Virtual Reality (VR) has made significant strides, offering users a multitude of ways to interact with virtual environments. Each sensory modality in VR provides distinct inputs and interactions, enhancing the user's immersion and presence. However, the potential of additional sensory modalities, such as haptic feedback and 360{\deg} locomotion, to improve decision-making performance has not been thoroughly investigated. This study addresses this gap by evaluating the impact of a haptic feedback, 360{\deg} locomotion-integrated VR framework and longitudinal, heterogeneous training on decision-making performance in a complex search-and-shoot simulation. The study involved 32 participants from a defence simulation base in India, who were randomly divided into two groups: experimental (haptic feedback, 360{\deg} locomotion-integrated VR framework with longitudinal, heterogeneous training) and placebo control (longitudinal, heterogeneous VR training without extrasensory modalities). The experiment lasted 10 days. On Day 1, all subjects executed a search-and-shoot simulation closely replicating the elements/situations in the real world. From Day 2 to Day 9, the subjects underwent heterogeneous training, imparted by the design of various complexity levels in the simulation using changes in behavioral attributes/artificial intelligence of the enemies.

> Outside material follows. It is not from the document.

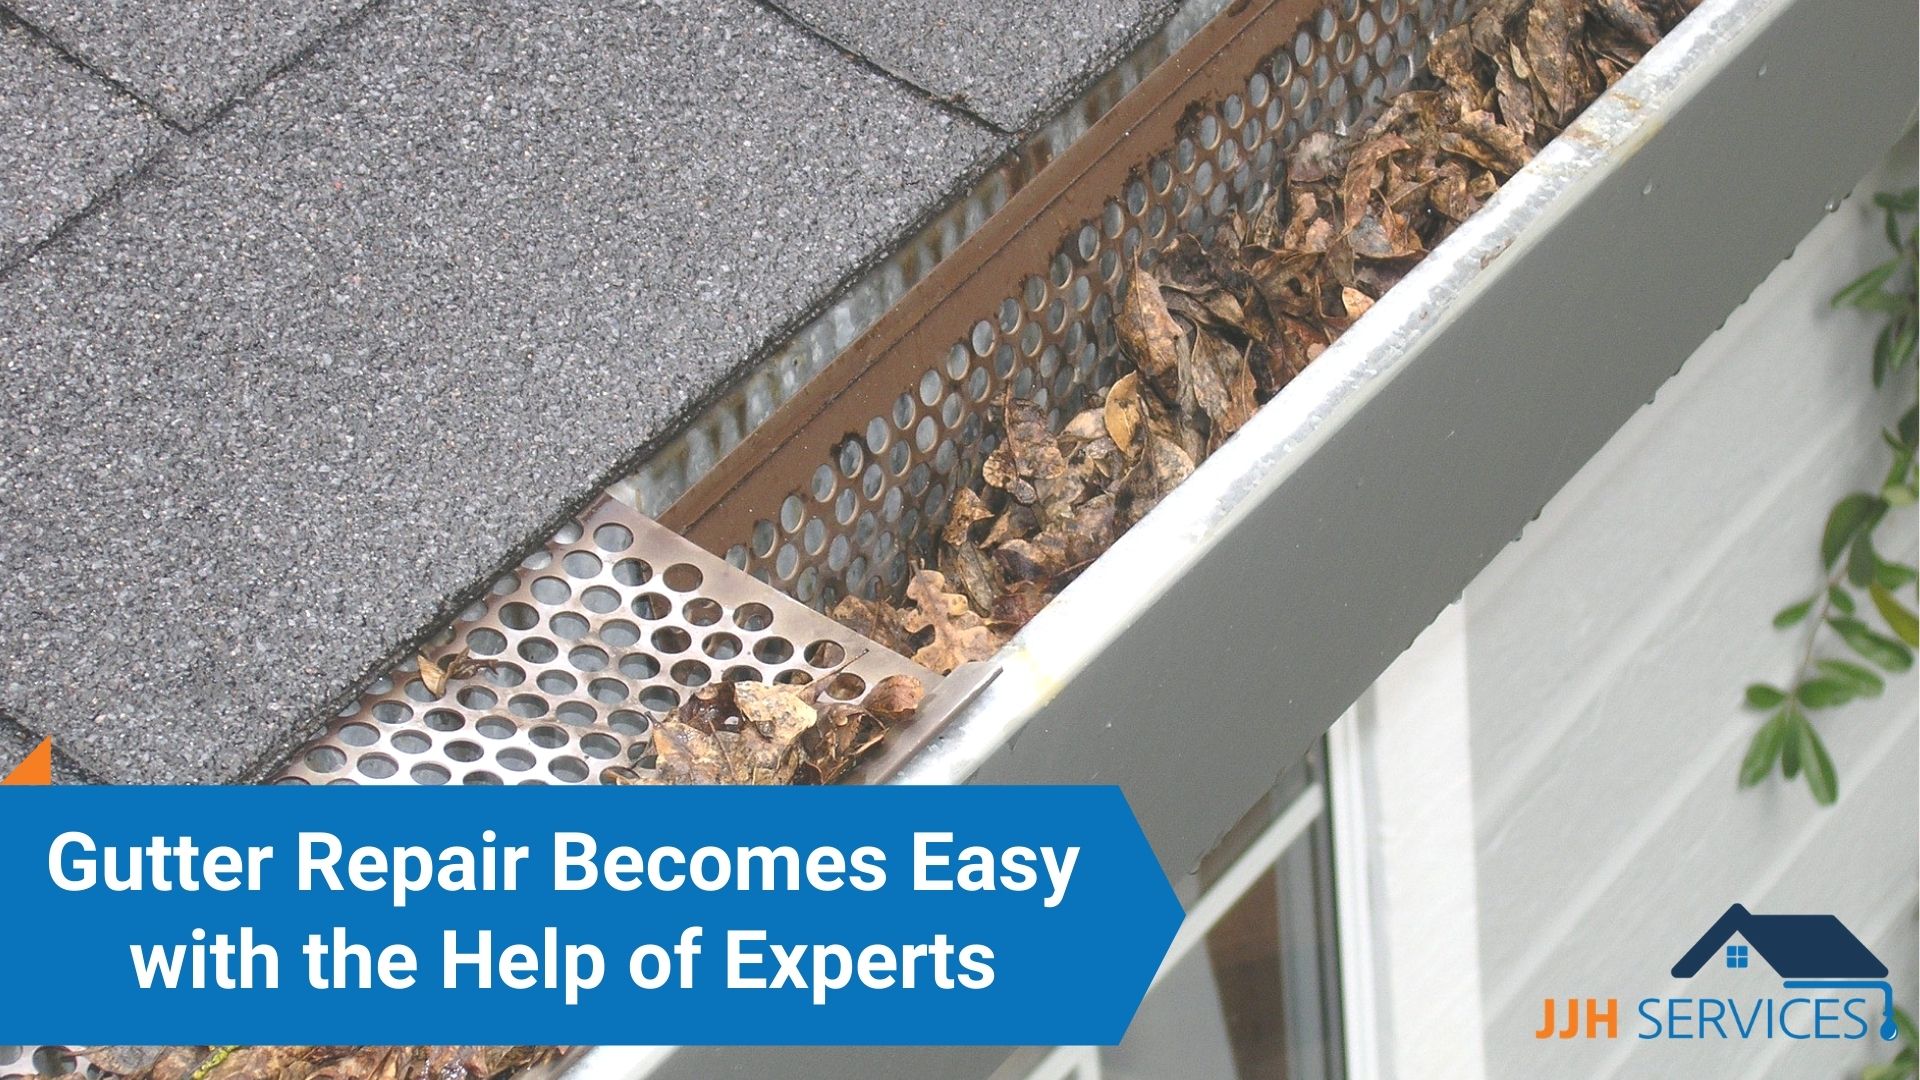 Gutter Repair Becomes Easy with the Help of Experts
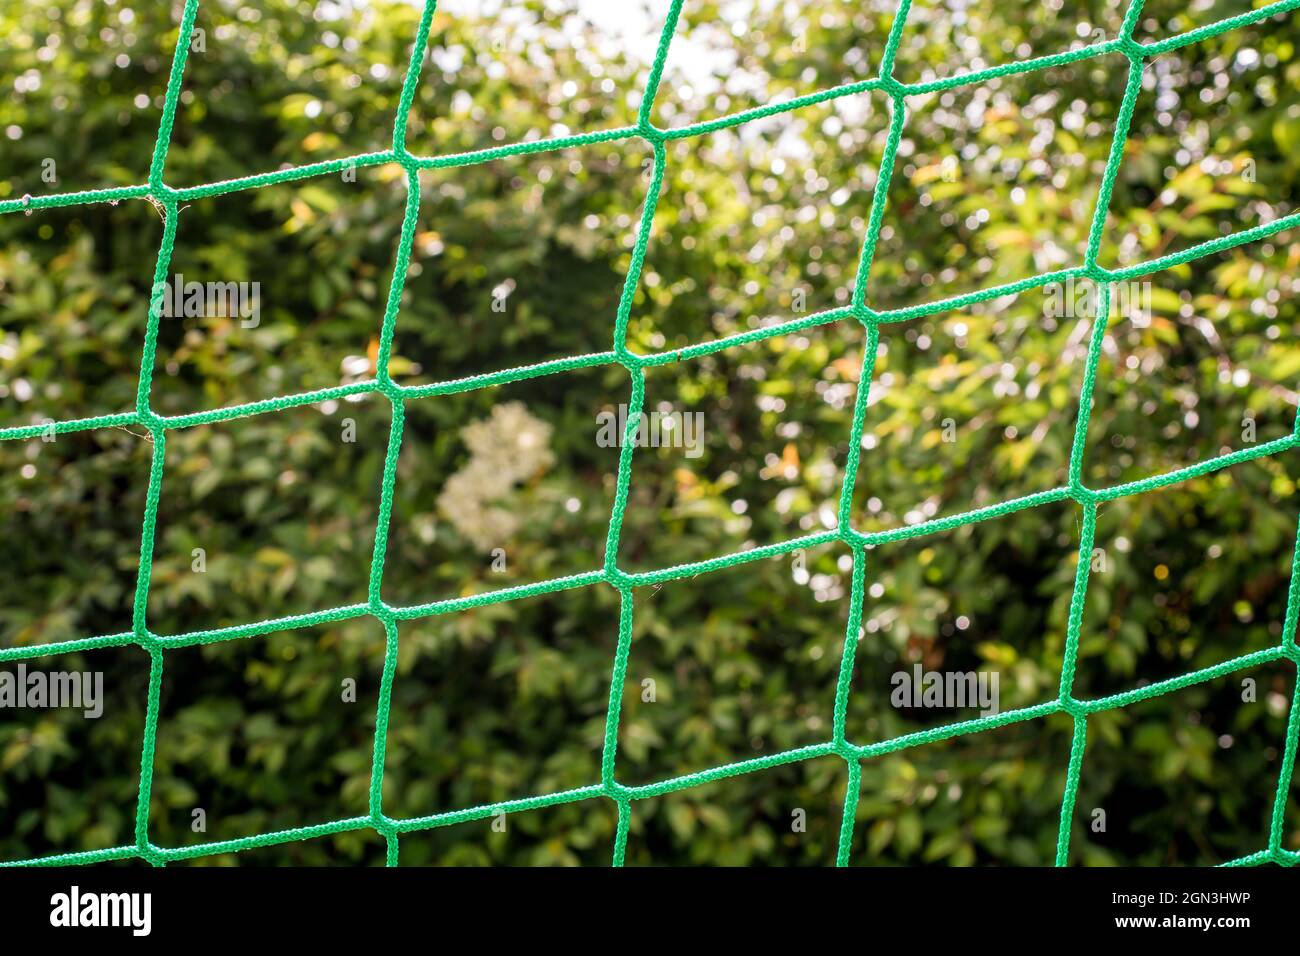 Mesh from the net of a soccer goal with green background Stock Photo

On Day 10, they repeated the search-and-shoot simulation executed on Day 1. The results showed that the experimental group experienced a gradual increase in presence, immersion, and engagement compared to the placebo control group. However, there was no significant difference in decision-making performance between the two groups on day 10. We intend to use these findings to design multisensory VR training frameworks that enhance engagement levels and decision-making performance.